### Required work
Set down the data below exactly; pictures stay out.

### Input data
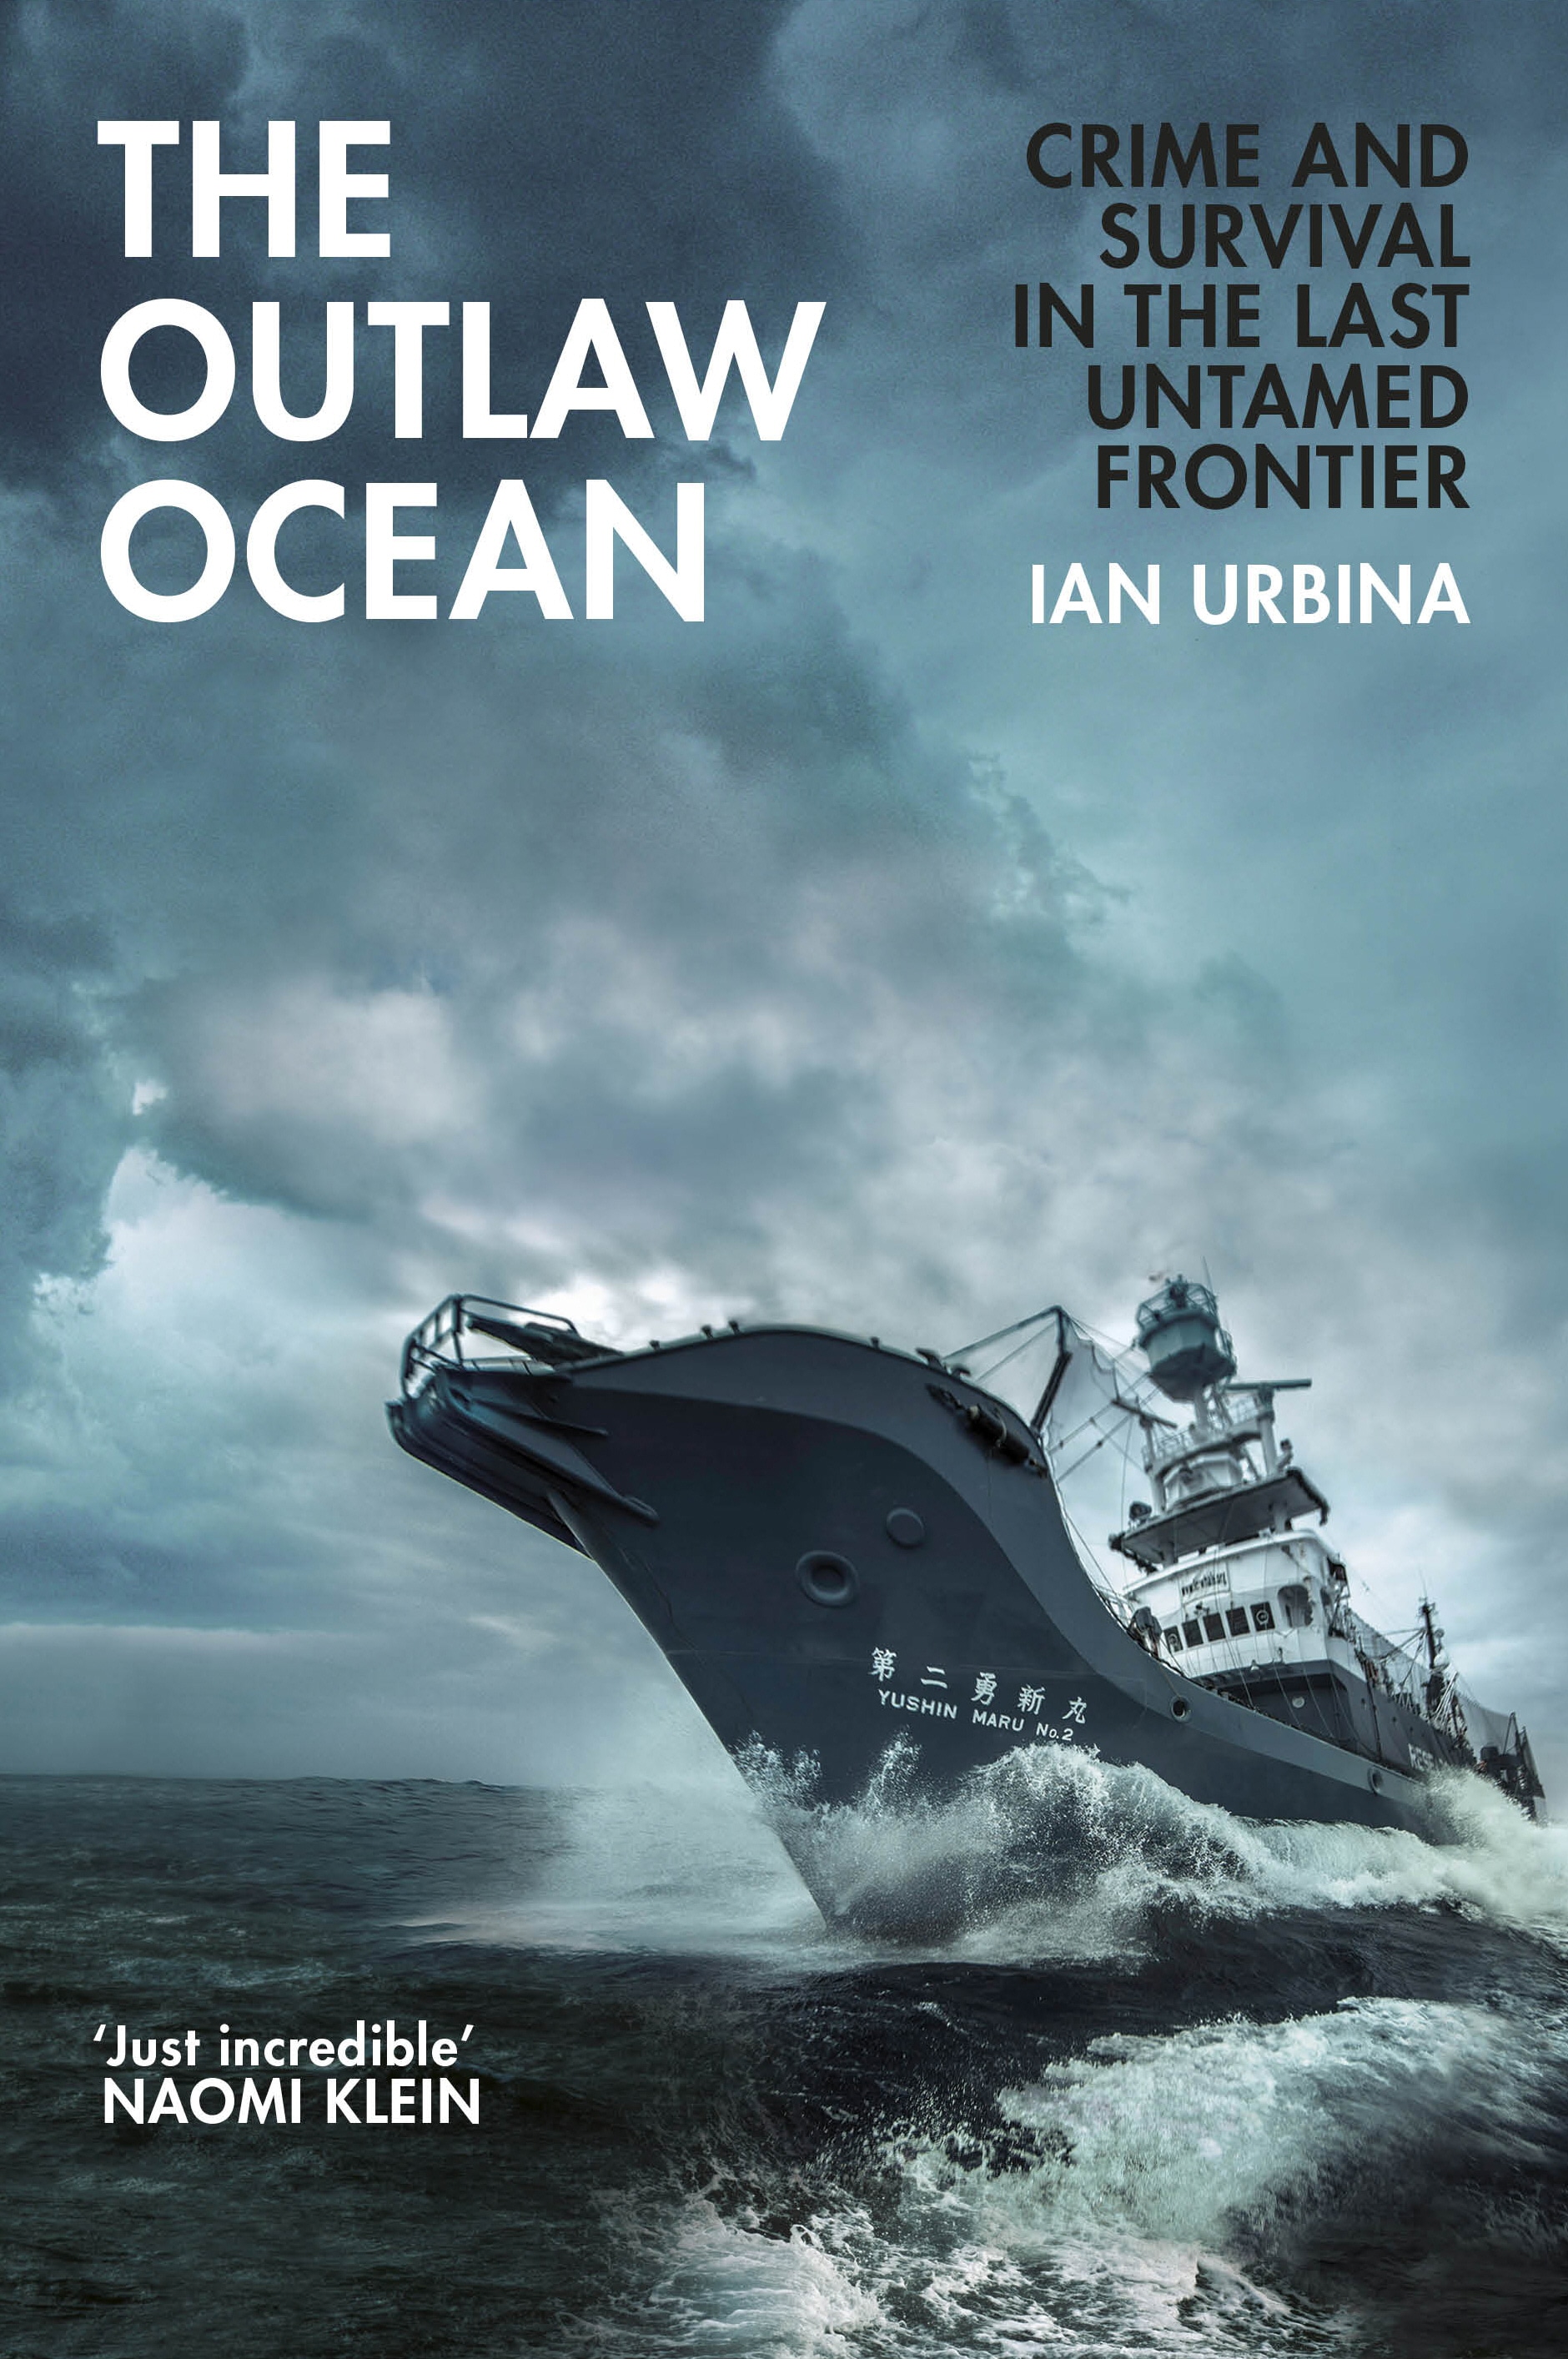 Book “The Outlaw Ocean” by Ian Urbina — September 19, 2019
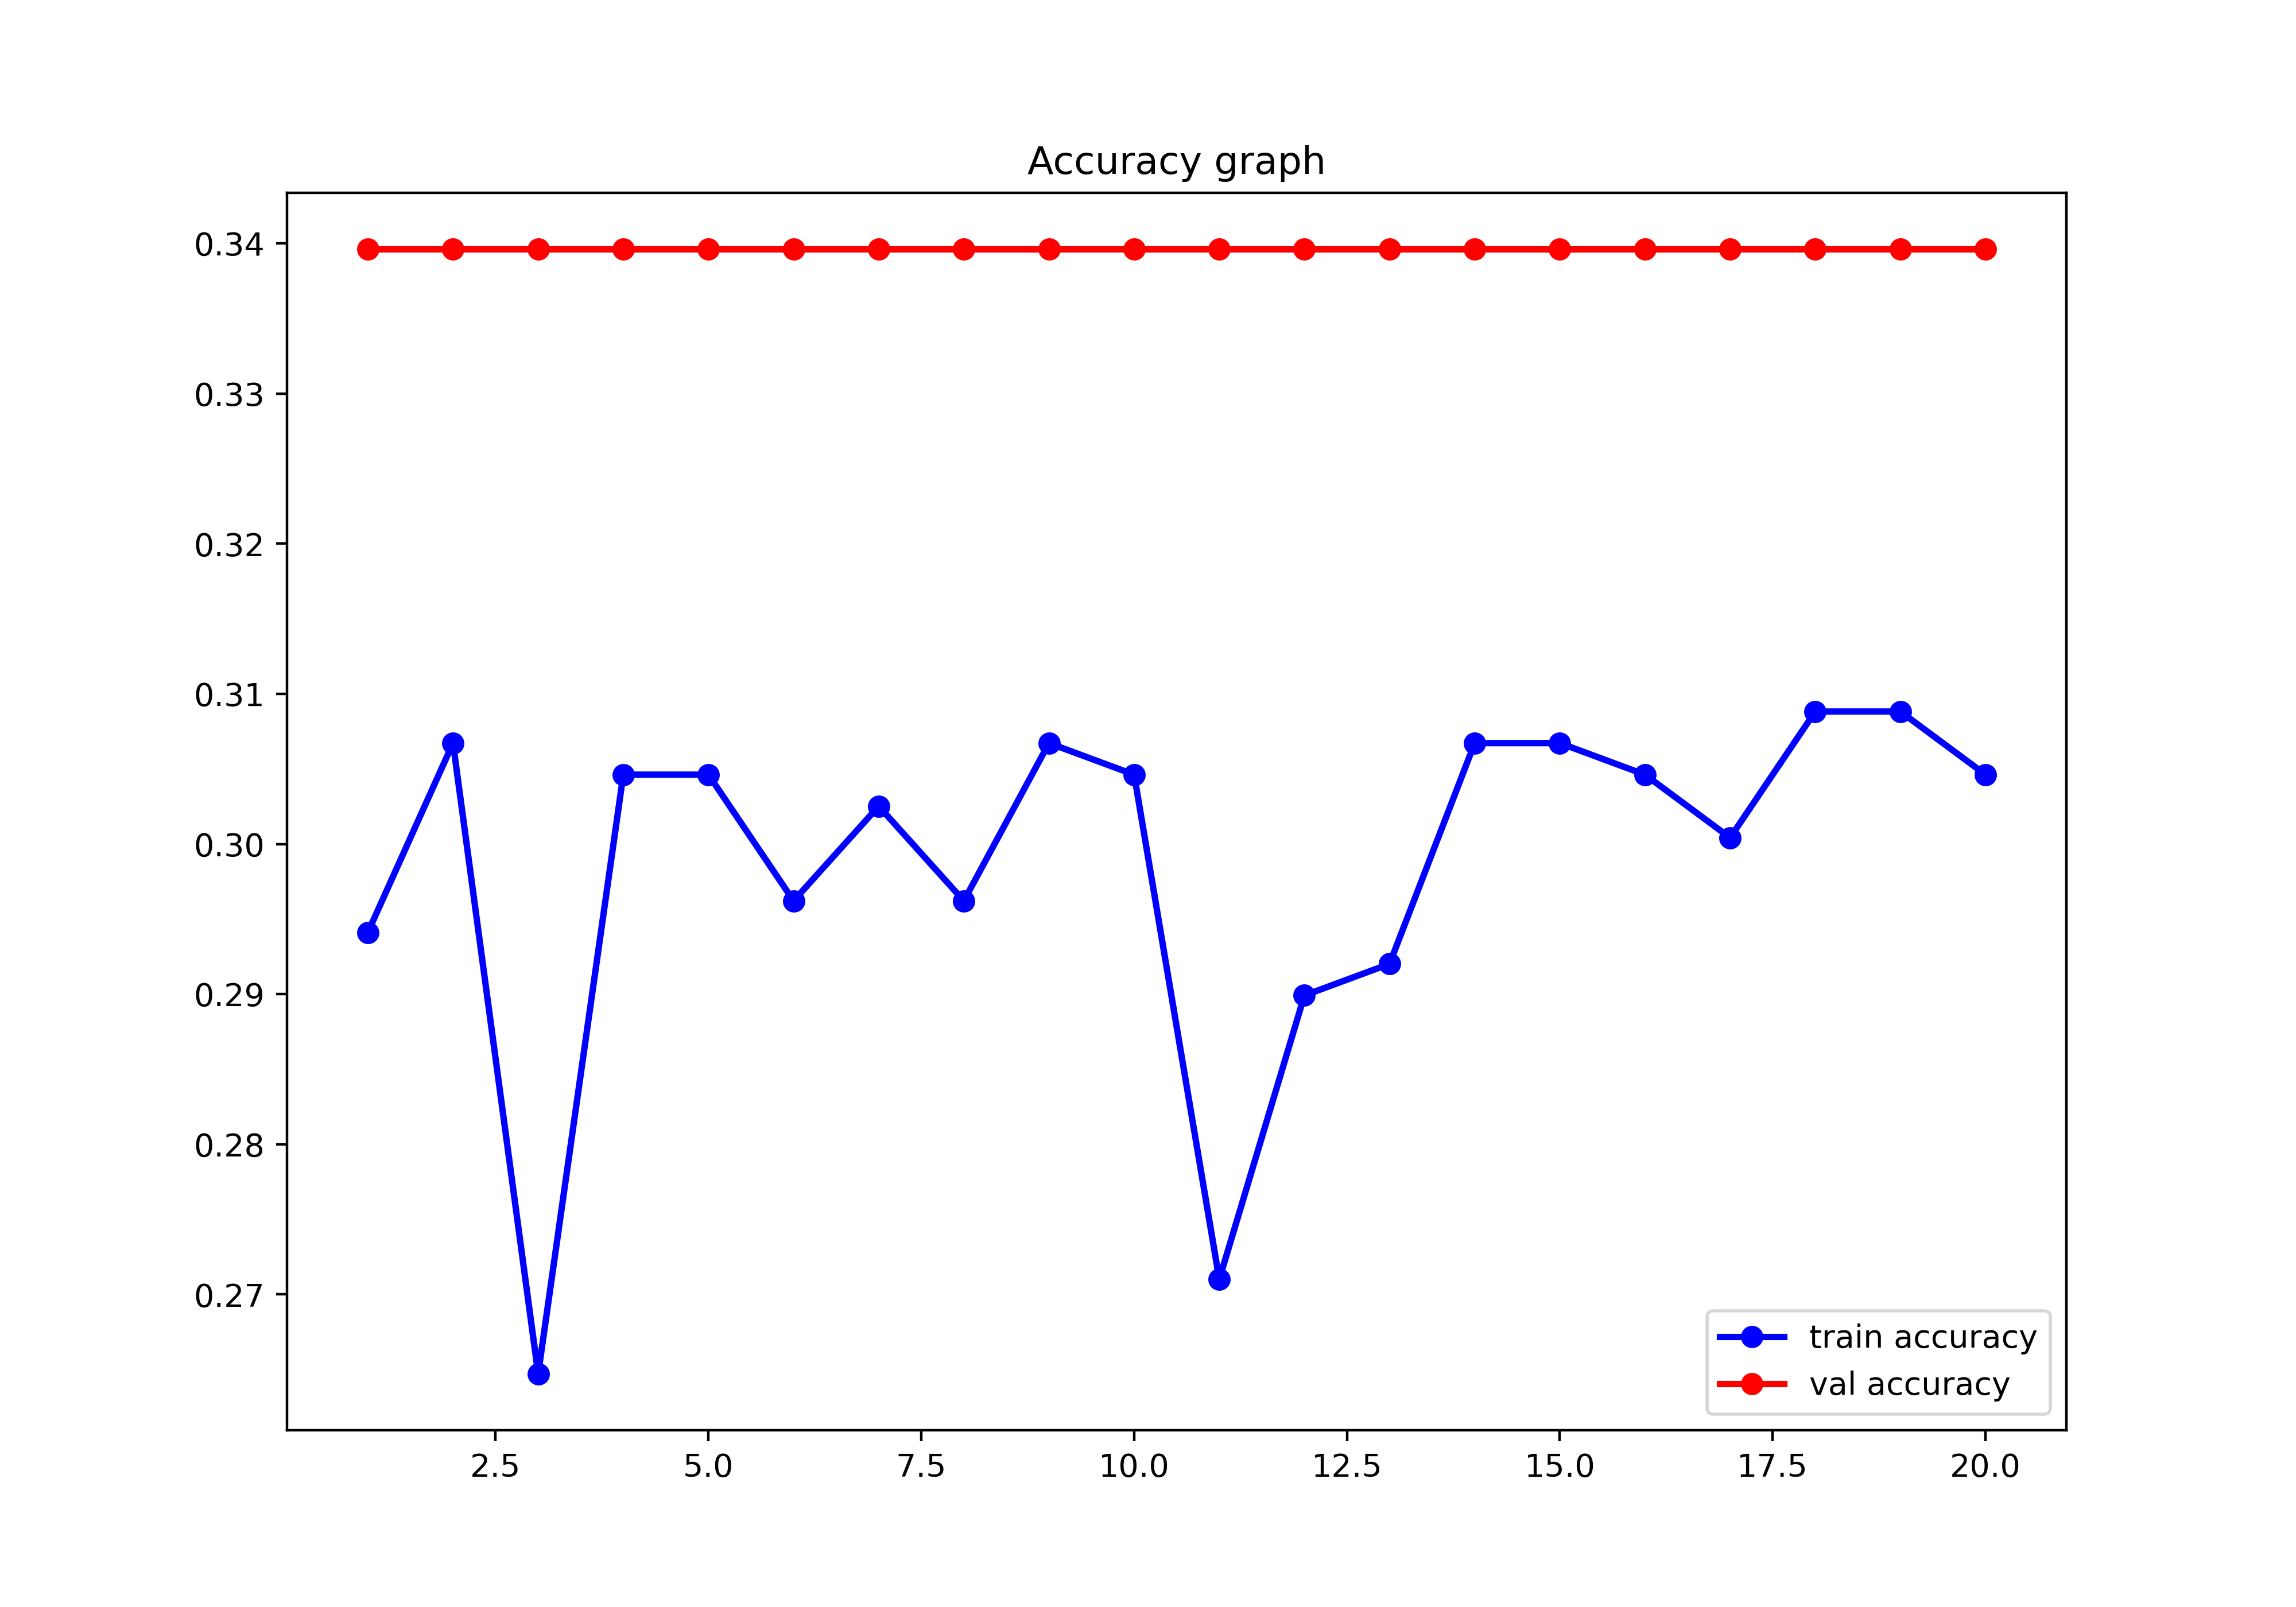 AlexNet accuracy graph
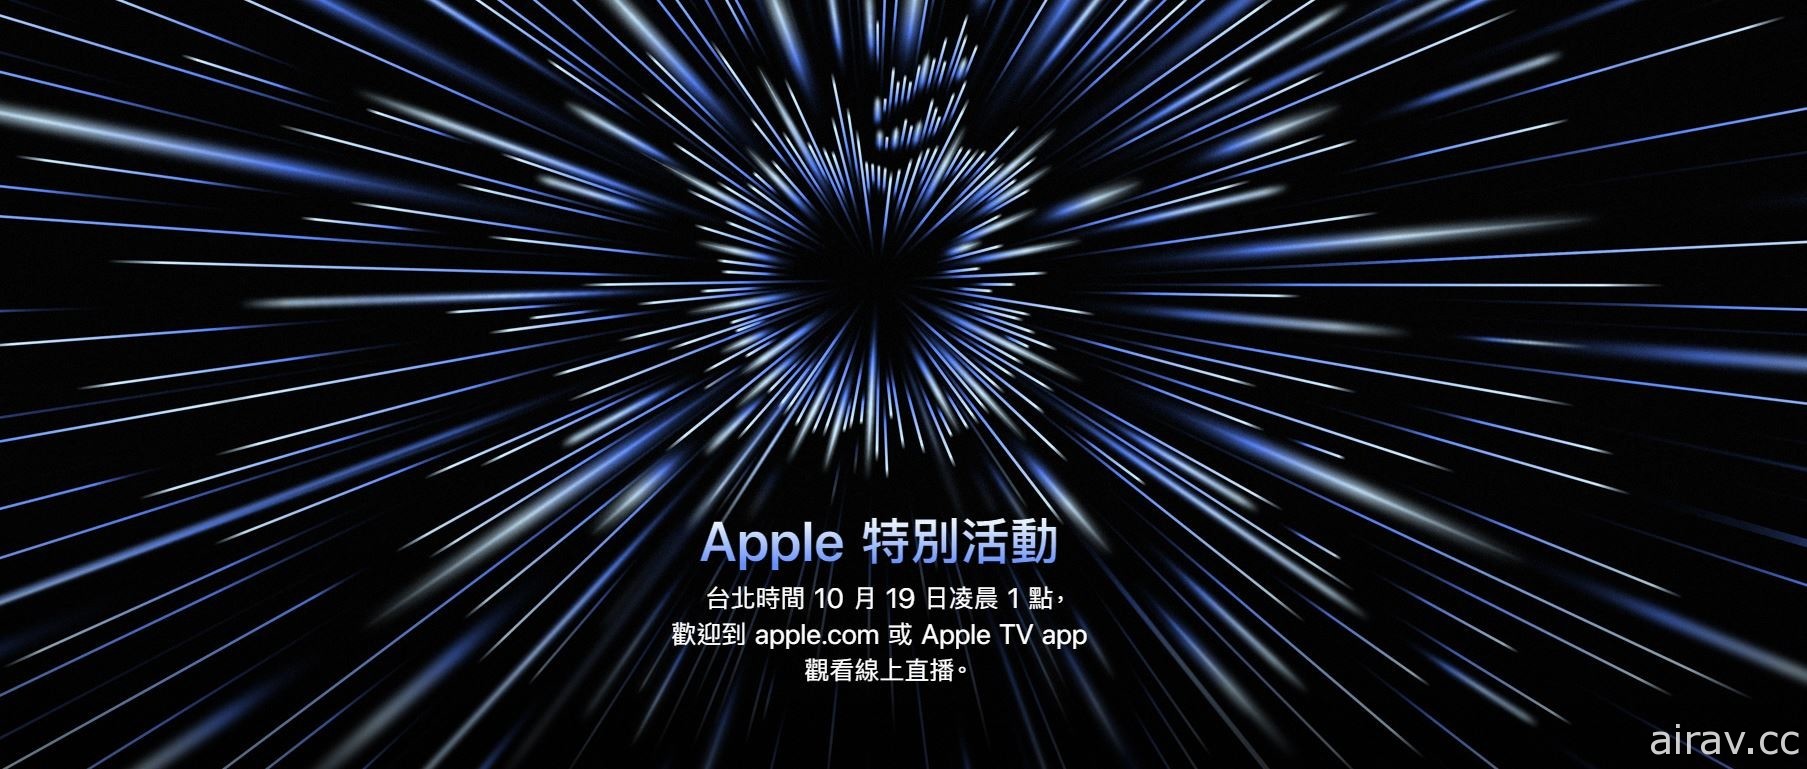 苹果第二场秋季发表会将于 10 月 19 日登场 主题为“Unleashed”

### Response
 Book “The Outlaw Ocean” by Ian Urbina — September 19, 2019
 AlexNet accuracy graph
 苹果第二场秋季发表会将于 10 月 19 日登场 主题为“Unleashed”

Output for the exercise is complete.